Bypassing character blocklists with unicode overflows

Researcher

**Published:** 28 January 2025 at 13:58 UTC

**Updated:** 28 January 2025 at 13:58 UTC

Unicode codepoint truncation – also called a Unicode overflow attack – happens when a server tries to store a Unicode character in a single byte. Because the maximum value of a byte is 255, an overflow can be crafted to produce a specific ASCII character.
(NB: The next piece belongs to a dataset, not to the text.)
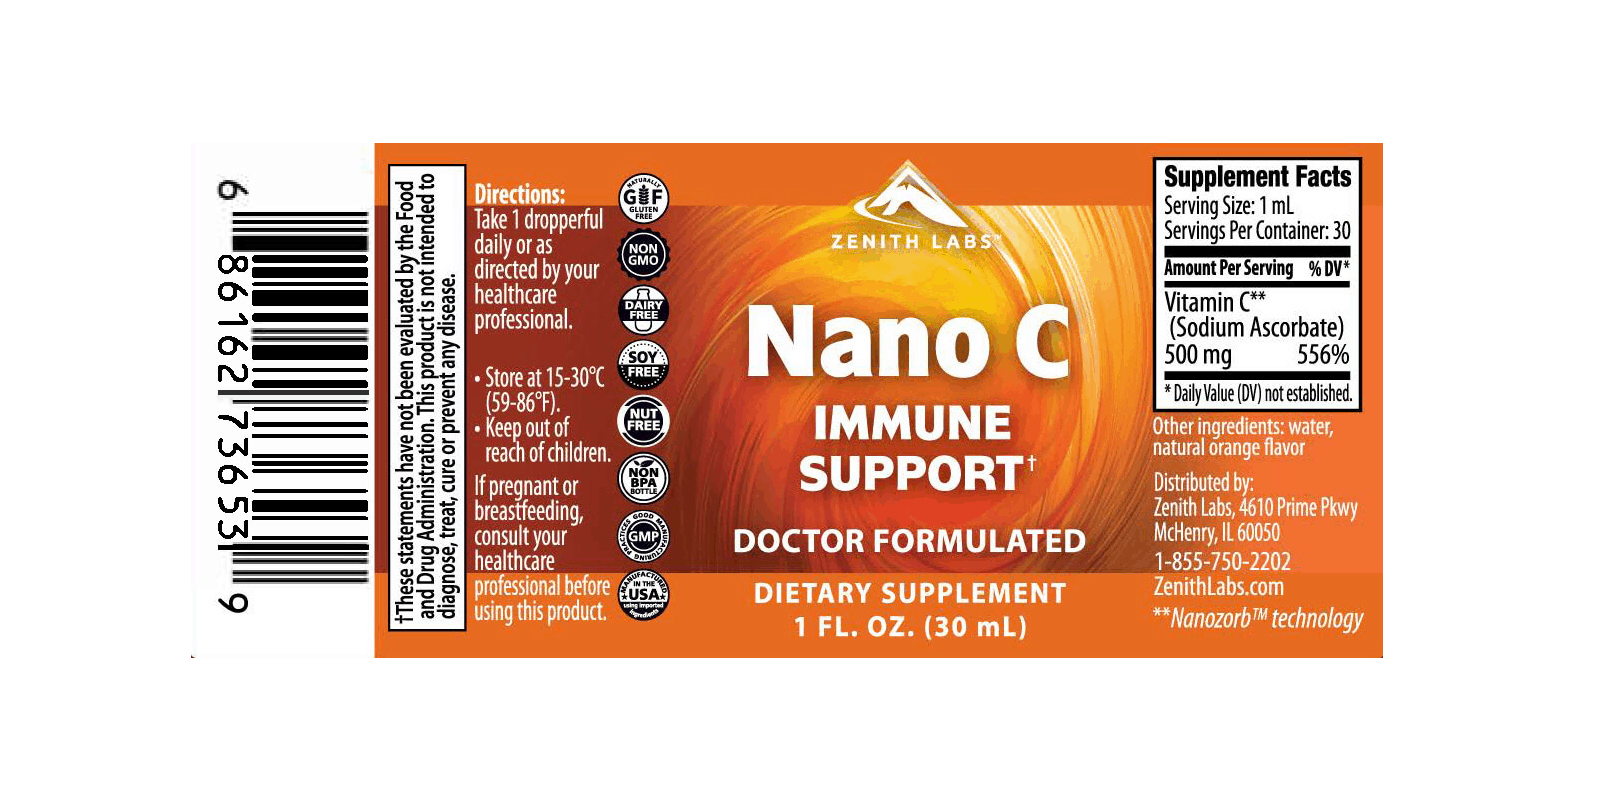 Nano C Immune Support dosage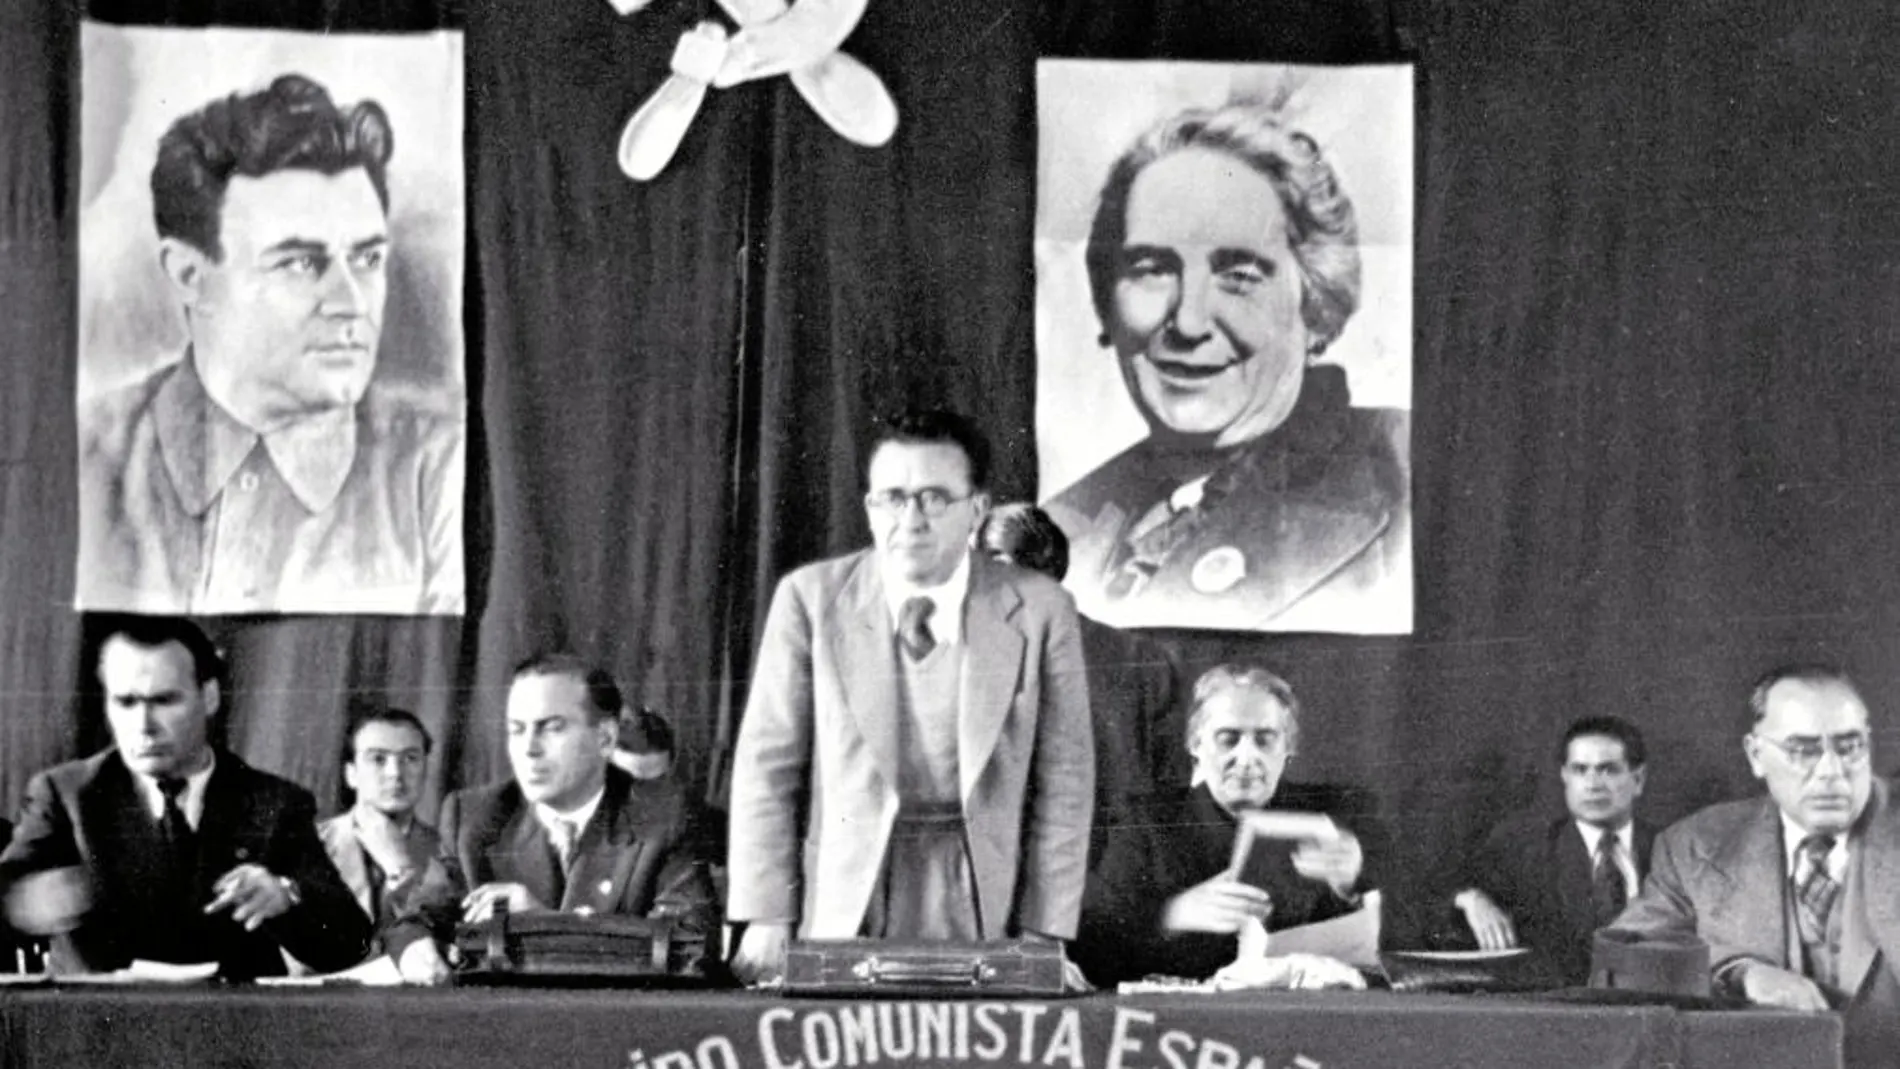 De izda. a dcha., Enrique Líster, Francisco Antón, Santiago Carrillo, Dolores Ibárruri y Joan Comorera

Here are a couple of examples that end with 0x41 which represents A:

`0x4e41 0x4f41 0x5041 0x5141`

If you perform a modulus operation on the code points above you’ll see they produce the character “A”:

`String.fromCodePoint(0x4e41 % 256, 0x4f41 % 256, 0x5041 % 256, 0x5141 % 256) // AAAA`

It’s not only bytes that have this problem, JavaScript itself has a codepoint overflow in the `fromCharCode()` method. This method allows you to generate a character between 0-0xffff but if you go above this range it will be overflowed and produce a character by the overflow amount.

`String.fromCharCode(0x10000 + 0x31, 0x10000 + 0x33, 0x10000 + 0x33, 0x10000 + 0x37) //1337`

The above code uses the hex value 0x10000 which is one above the maximum codepoint supported by the `fromCodePoint()` method. Then I add an overflow to it, in this case the hex for each codepoint of 1337. Then when the overflow occurs it produces 1337.

This is being actively used by bug bounty hunters and was brought to our attention by Ryan Barnett. For everyone’s convenience we’ve added these truncation attacks to ActiveScan++, thanks to Ryan for the PR and we’ve created a Hackvertor tag to help reproduce the characters. We’ve also updated the Shazzer unicode table to display potential unicode truncation characters.